### Problem to work on
Copy each line of the records below, from the first through the one that contains "1965 Barbie Midge", exactly as written.

Source data
┄┄┄┄┄┄┄┄┄┄┄┄┄┄┄┄┄┄┄┄

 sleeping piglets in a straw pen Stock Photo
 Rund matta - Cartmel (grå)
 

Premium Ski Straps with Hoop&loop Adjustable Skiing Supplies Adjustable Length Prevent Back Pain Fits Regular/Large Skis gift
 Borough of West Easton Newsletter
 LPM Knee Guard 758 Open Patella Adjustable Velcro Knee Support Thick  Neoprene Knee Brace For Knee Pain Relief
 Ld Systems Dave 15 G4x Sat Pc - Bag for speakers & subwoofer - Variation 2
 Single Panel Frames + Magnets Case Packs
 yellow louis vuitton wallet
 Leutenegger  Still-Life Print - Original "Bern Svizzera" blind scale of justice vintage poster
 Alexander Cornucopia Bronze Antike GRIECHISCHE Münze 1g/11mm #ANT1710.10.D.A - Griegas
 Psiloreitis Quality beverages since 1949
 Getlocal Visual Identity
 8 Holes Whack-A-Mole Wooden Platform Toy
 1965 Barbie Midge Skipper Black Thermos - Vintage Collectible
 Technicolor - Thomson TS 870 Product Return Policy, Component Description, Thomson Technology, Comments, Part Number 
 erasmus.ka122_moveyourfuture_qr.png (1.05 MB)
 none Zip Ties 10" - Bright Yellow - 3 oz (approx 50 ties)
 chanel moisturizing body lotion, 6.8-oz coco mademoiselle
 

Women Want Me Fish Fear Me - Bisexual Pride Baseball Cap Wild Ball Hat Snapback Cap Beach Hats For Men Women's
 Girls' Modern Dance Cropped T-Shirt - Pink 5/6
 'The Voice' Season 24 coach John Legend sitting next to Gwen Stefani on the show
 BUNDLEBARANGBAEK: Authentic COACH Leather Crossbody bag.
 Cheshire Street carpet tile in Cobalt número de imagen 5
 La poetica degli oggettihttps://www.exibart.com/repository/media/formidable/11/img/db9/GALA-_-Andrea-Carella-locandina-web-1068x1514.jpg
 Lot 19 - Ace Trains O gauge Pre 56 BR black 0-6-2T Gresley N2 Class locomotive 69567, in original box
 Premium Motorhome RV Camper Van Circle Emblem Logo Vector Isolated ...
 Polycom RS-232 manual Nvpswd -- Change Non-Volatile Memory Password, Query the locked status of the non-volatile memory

┄┄┄┄┄┄┄┄┄┄┄┄┄┄┄┄┄┄┄┄

### Reply
 sleeping piglets in a straw pen Stock Photo
 Rund matta - Cartmel (grå)
 

Premium Ski Straps with Hoop&loop Adjustable Skiing Supplies Adjustable Length Prevent Back Pain Fits Regular/Large Skis gift
 Borough of West Easton Newsletter
 LPM Knee Guard 758 Open Patella Adjustable Velcro Knee Support Thick  Neoprene Knee Brace For Knee Pain Relief
 Ld Systems Dave 15 G4x Sat Pc - Bag for speakers & subwoofer - Variation 2
 Single Panel Frames + Magnets Case Packs
 yellow louis vuitton wallet
 Leutenegger  Still-Life Print - Original "Bern Svizzera" blind scale of justice vintage poster
 Alexander Cornucopia Bronze Antike GRIECHISCHE Münze 1g/11mm #ANT1710.10.D.A - Griegas
 Psiloreitis Quality beverages since 1949
 Getlocal Visual Identity
 8 Holes Whack-A-Mole Wooden Platform Toy
 1965 Barbie Midge Skipper Black Thermos - Vintage Collectible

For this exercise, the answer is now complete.